Now if there was a show based on history's "What if?"s and confined them to their immediate historical contexts....

Well it all comes down to the individual consumer and how much they are prepared to suspend disbelief. All fiction is to some extent implausible; I find that Turtledove in particular manages to conjure alternative history worlds which are not so jarringly implausible to me as to render them unentertaining, but that's likely in part a reflection of my ignorance of some of the salient details.

I recently was quite annoyed by a SciFi story I was reading*, in which our heroes end up building a base in the Cretaceous, to avoid leaving archaeological traces that might be found by their 21st century adversaries. The idea that they could have a maguffin that allowed them to move freely in time and space I found easy to accept; But the story was ruined for me when their bunker was described as being a partially buried concrete structure, difficult to see from a distance, because of the thick grass that had grown over it.

Grass? In the Cretaceous? Grasses didn't evolve until the last dinosaur had been dead for 30 million years! The way the scene was described made it clear that the author thought the grass was native, not something brought back by the time travelers. It really annoyed me, by taking me out of the story.

In the second book of the trilogy, he changes the description to say that the overgrowth is 'at first sight like grass, but different, with much thicker stems and tiny leaves', which I presume was a response to reader complaints about this faux pas. It was a trivial detail that was in no way required for the storyline or plot. But it was enough to significantly reduce my enjoyment of the tale (but not enough to stop me from buying book two when I finished book one)


*https://www.amazon.com.au/Extracted-Trilogy-Book-1-ebook/dp/B01HIKCA52
Story sounds interesting what's the name of the story?
 
I'm not overly interested in 'alternative history' as a subject matter. To me it's the ugly step-sibling of speculative fiction. I just can't buy the core premises! To me, the confederacy winning is as laughable as the The Schlieffen plan actually working as intended.

Now if there was a show based on history's "What if?"s and confined them to their immediate historical contexts....

Well it all comes down to the individual consumer and how much they are prepared to suspend disbelief. All fiction is to some extent implausible; I find that Turtledove in particular manages to conjure alternative history worlds which are not so jarringly implausible to me as to render them unentertaining, but that's likely in part a reflection of my ignorance of some of the salient details.

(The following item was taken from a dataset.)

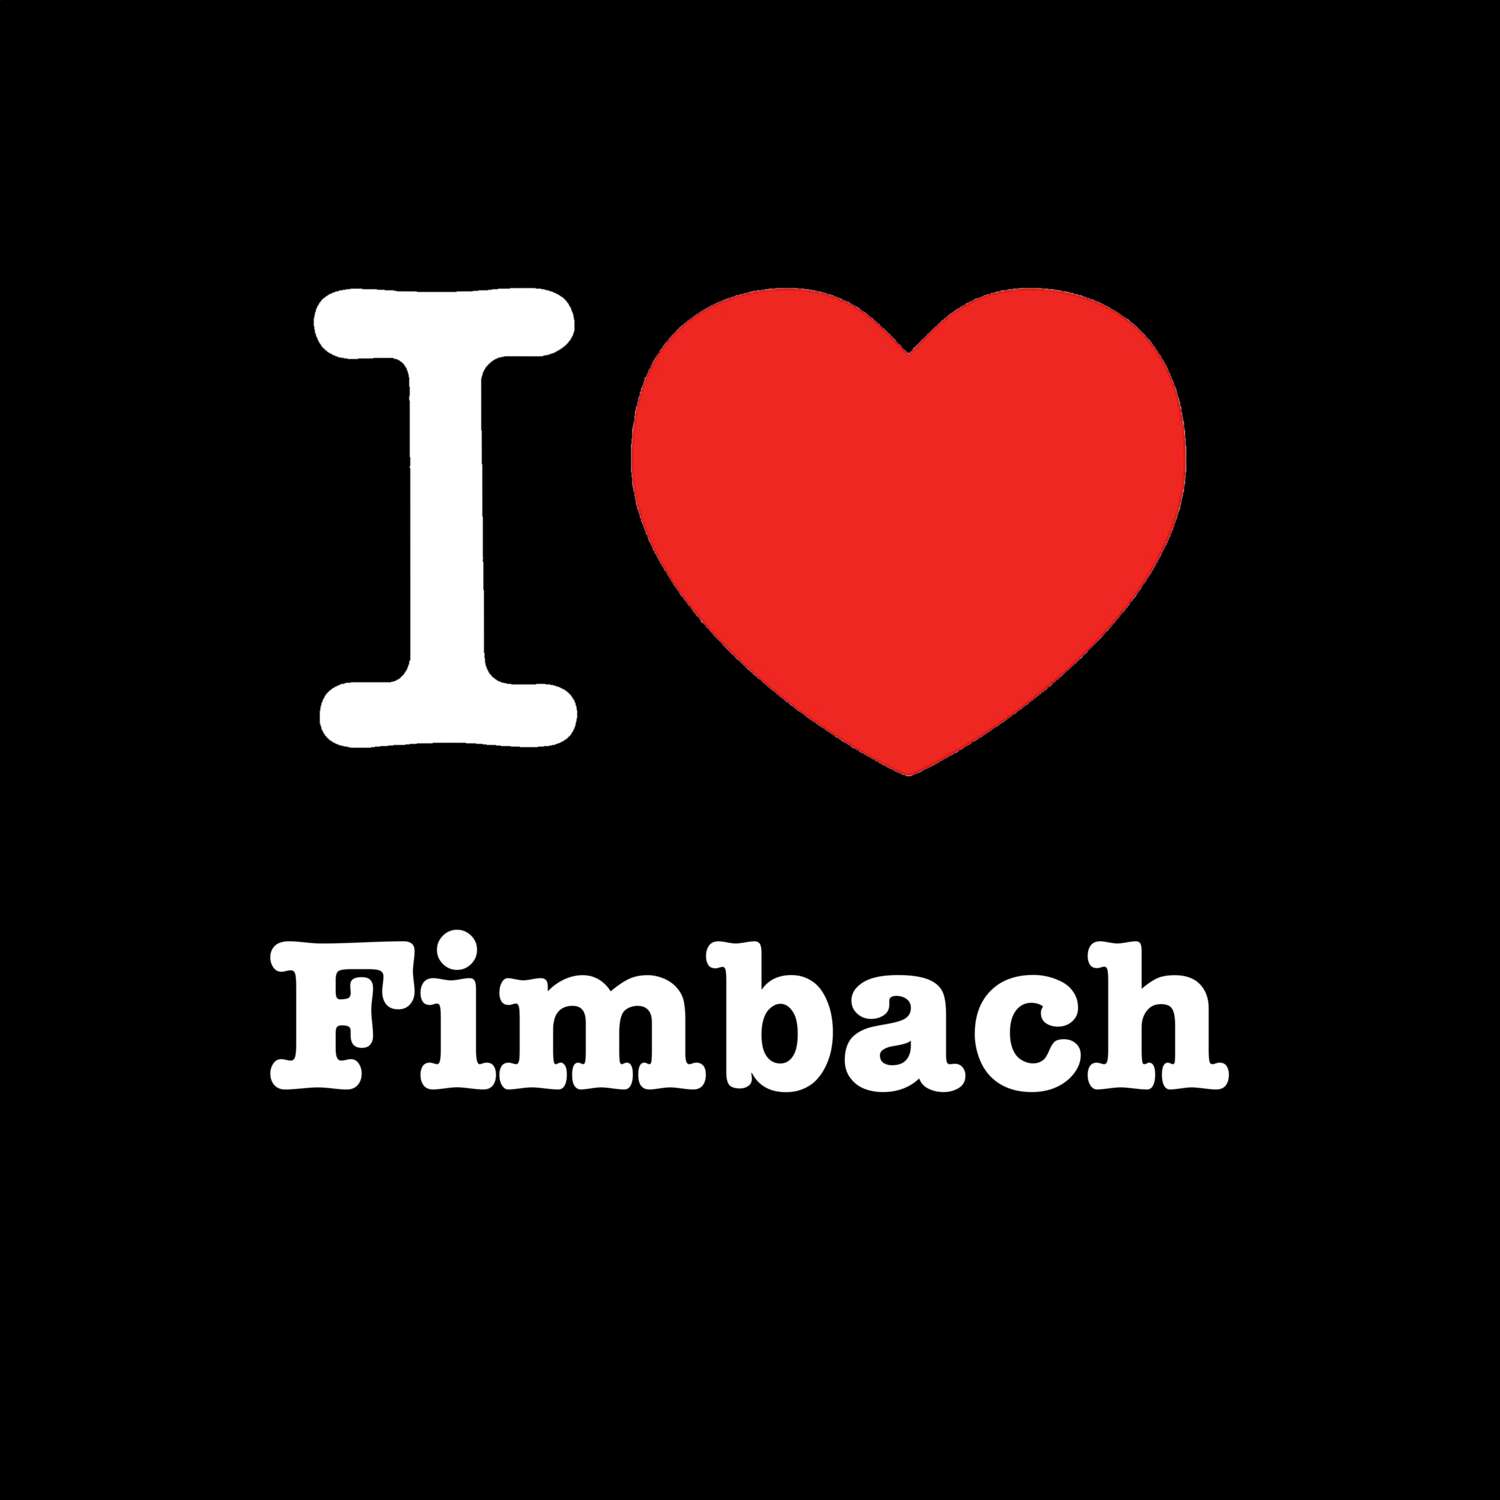 Fimbach T-Shirt »I love«

I recently was quite annoyed by a SciFi story I was reading*, in which our heroes end up building a base in the Cretaceous, to avoid leaving archaeological traces that might be found by their 21st century adversaries. The idea that they could have a maguffin that allowed them to move freely in time and space I found easy to accept; But the story was ruined for me when their bunker was described as being a partially buried concrete structure, difficult to see from a distance, because of the thick grass that had grown over it.

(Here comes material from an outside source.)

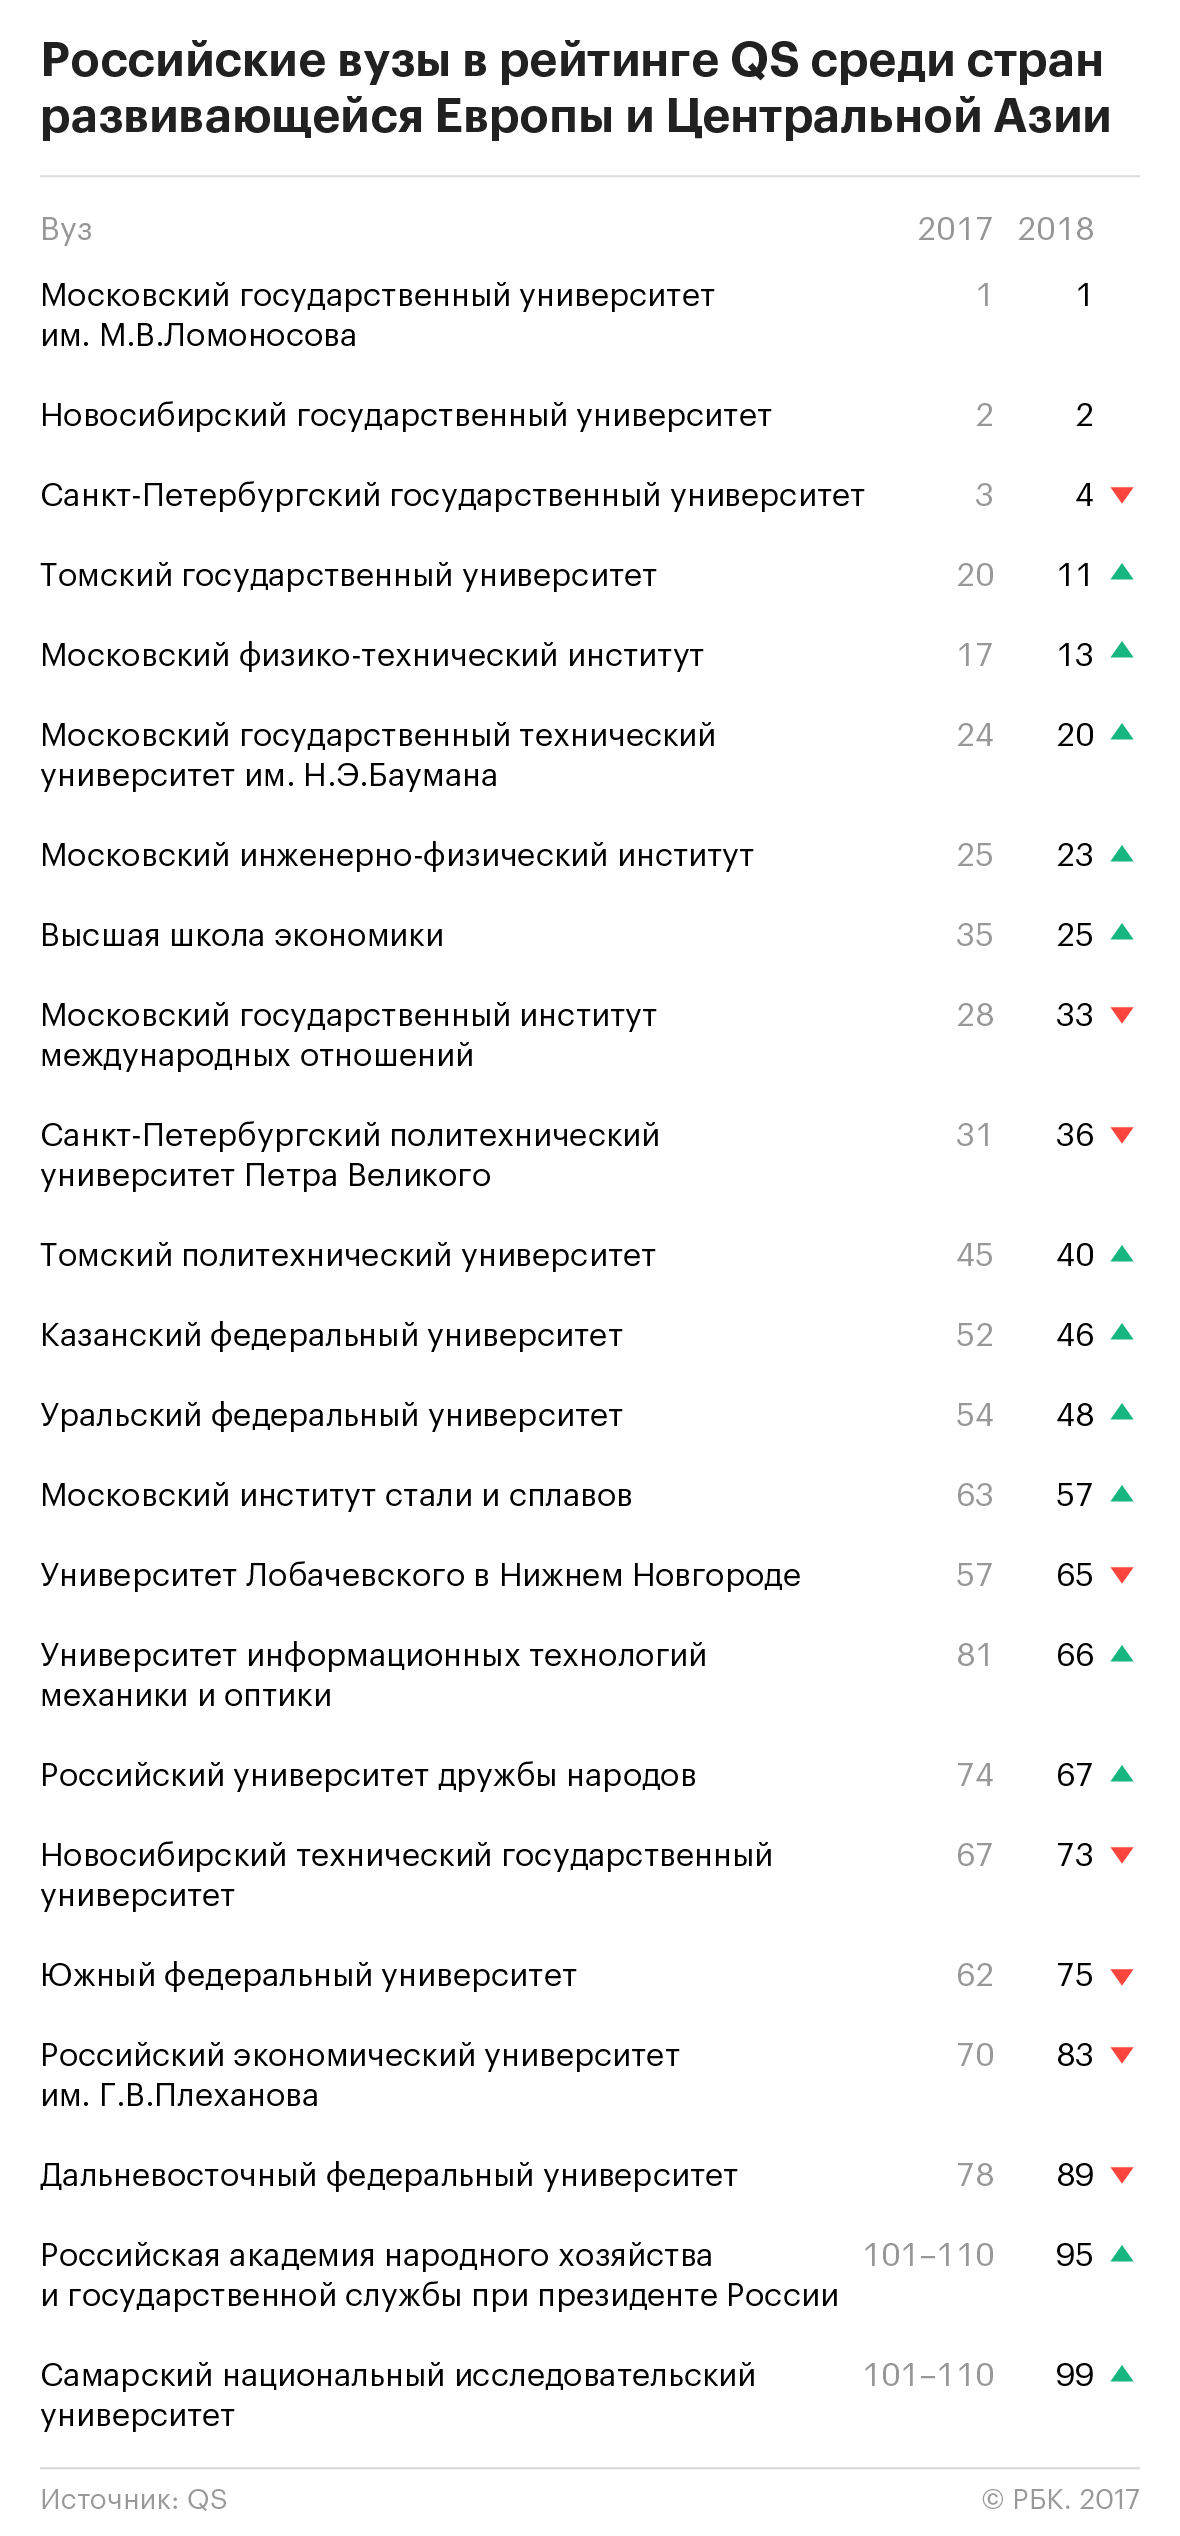 МГУ возглавил региональный рейтинг вузов QS

Grass? In the Cretaceous? Grasses didn't evolve until the last dinosaur had been dead for 30 million years! The way the scene was described made it clear that the author thought the grass was native, not something brought back by the time travelers. It really annoyed me, by taking me out of the story.

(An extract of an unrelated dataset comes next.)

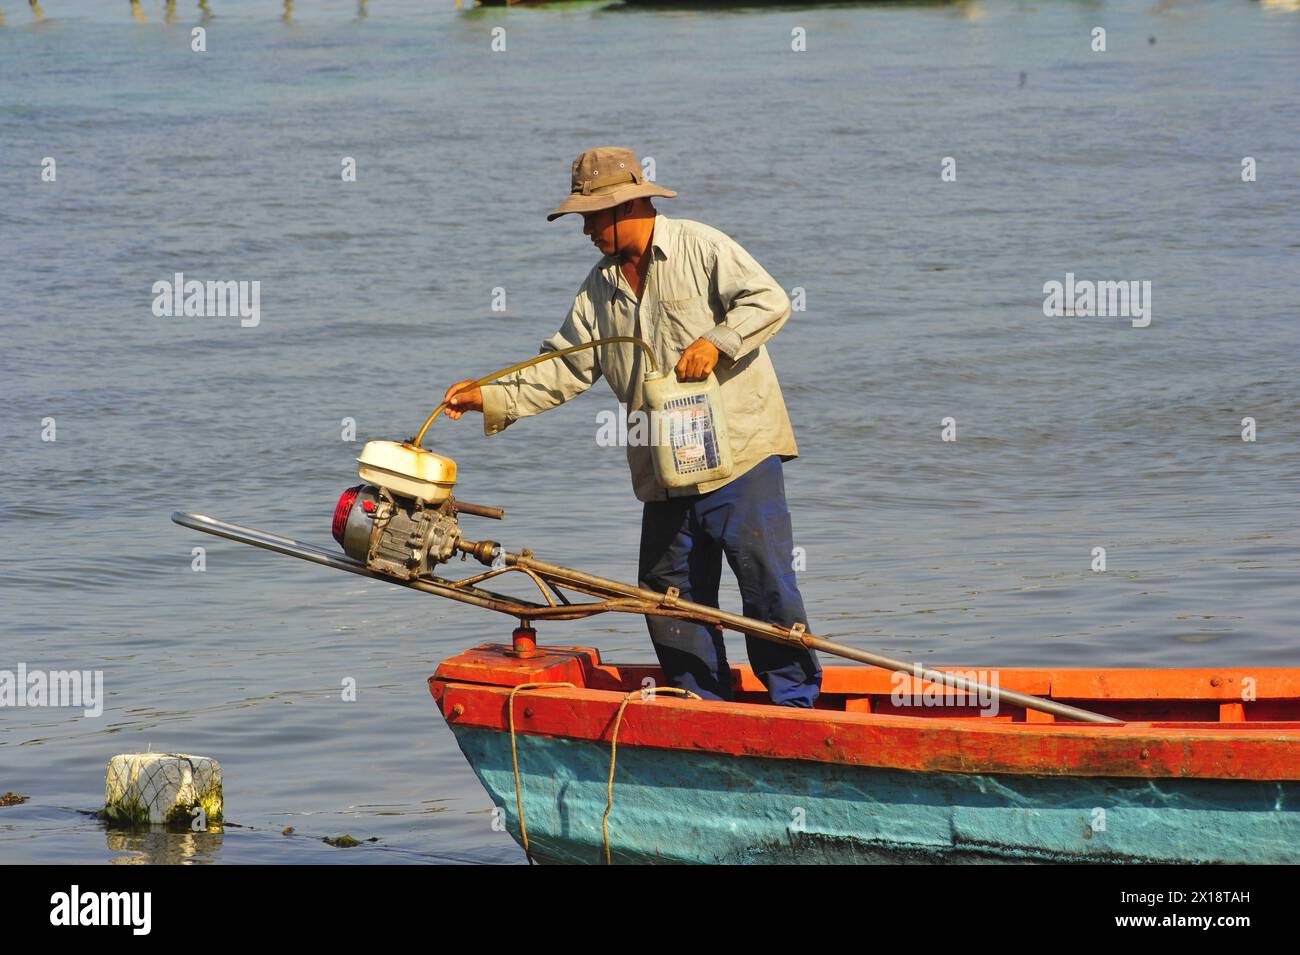 le bateau de pêche est indispensable pour les bateaux de pêche pour la pêche Banque D'Images

In the second book of the trilogy, he changes the description to say that the overgrowth is 'at first sight like grass, but different, with much thicker stems and tiny leaves', which I presume was a response to reader complaints about this faux pas. It was a trivial detail that was in no way required for the storyline or plot. But it was enough to significantly reduce my enjoyment of the tale (but not enough to stop me from buying book two when I finished book one)


*https://www.amazon.com.au/Extracted-Trilogy-Book-1-ebook/dp/B01HIKCA52
Story sounds interesting what's the name of the story?

Extracted by R. R. Haywood.

There's a link to it on Amazon at the bottom of my post...
 
So is the Confederacy tv show dead? I haven't heard much about it after the initial backlash.